Fui a un colegio católico privado y muy estricto en la parte vieja de Jerusalén. Desde un punto de vista espiritual fue una época gris para mí y fue entonces cuando empecé a distinguir ciertos patrones en el comportamiento humano que me inquietaban. Por otra parte entré en contacto con varias teorías e ideologías poco ortodoxas. Por ejemplo, algunos amigos de mi familia pertenecían a logias Masonas. Aunque sus miembros suelen mantener esas cosas en privado, yo podía intuir que escondían algo que no concordaba con las cosas que me enseñaban en el colegio pero solo fue años después cuando me enteré de qué iba la cosa.

Ya por entonces tenía ciertas inquietudes sobre el origen de la humanidad, el universo y sus límites. A nivel musical, mi hermano ya tomaba clases de batería y me acuerdo que tenía que esperarle fuera de la aula musical hasta que terminara la clase (no me permitían en la aula con la clase empezada) para volver a casa juntos ya que íbamos al mismo colegio. Me acuerdo de una ocasión particular cuando intentaba aprender un ritmo en la batería pero tuvo que repetirlo a lo largo de toda la clase hasta que conseguí aprenderlo. Y yo me preguntaba porque le costaba tanto aprenderlo porque a mí me parecía bastante fácil.

Un día me acerqué al aula y vi por la puerta entreabierta que estaba vacía, así que fui corriendo a sentarme detrás del kit de batería y empecé a tocar el mismo ritmo con las palmas de mi mano, ya que no encontraba las baquetas. Y ahora me preguntaréis porqué hablo sobre la batería siendo el guitarrista de Melekesh. Pues resulta que también compongo las partes de batería y aunque no suelo practicar es un instrumento que me emociona.

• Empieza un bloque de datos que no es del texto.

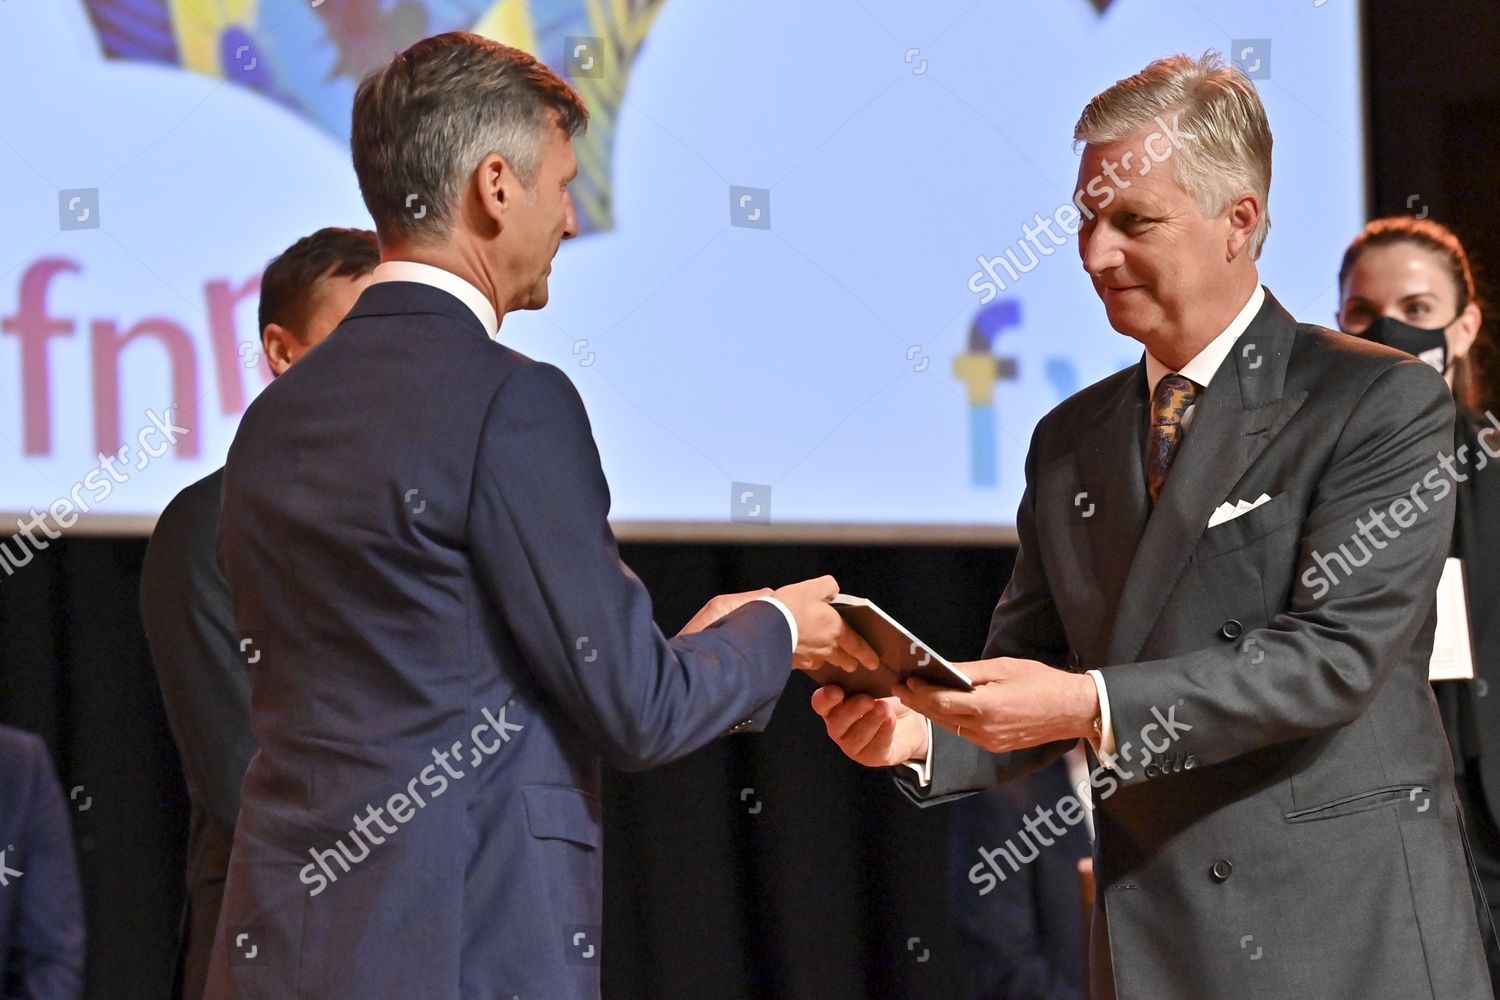 science-royals-scientific-excellence-awards-brussels-belgium-shutterstock-editorial-12523234e.jpg

En mi casa siempre sonaba de una manera u otra la música rock y el sonido de guitarra me atrajeron desde pequeño pero no tuve la oportunidad de tocar la guitarra hasta más tarde.

Todavía me acuerdo el primer día que escuché algo verdaderamente extremo junto con mis amigos. Teníamos 7 años y lo que escuchamos era el disco de The Exploited “Troops of Tomorrow”. Aquel sonido punk era rápido, sucio y… divertido. Después cayeron en nuestras manos discos como “The Number of the Beast” y “Shout at the Devil”. Aunque a mis amigos les gustaban más temas como “Invaders”, ya que solíamos jugar a los soldados y cosas así, yo prefería al disco de los Mötley Crüe y lo ponía en mis walkmans (¿os acordáis?). Me intimidaba aquella oscura intro y los acordes potentes de Mick Mars. Incluso me lo llevé en uno de mis viajes en Siria y Jordania (Damasco y Aleppo). Os recuerdo que Siria e Israel eran entonces enemigos, igual que ahora, pero gracias a mi pasaporte y mi nacionalidad no israelí, conseguía saltar las fronteras aunque los procedimientos en los pasos fronterizos eran muy arduos. Poder visitar varios sitios de interés arqueológico, hizo que la fascinación sobre la historia y la mitología creciera dentro de mi.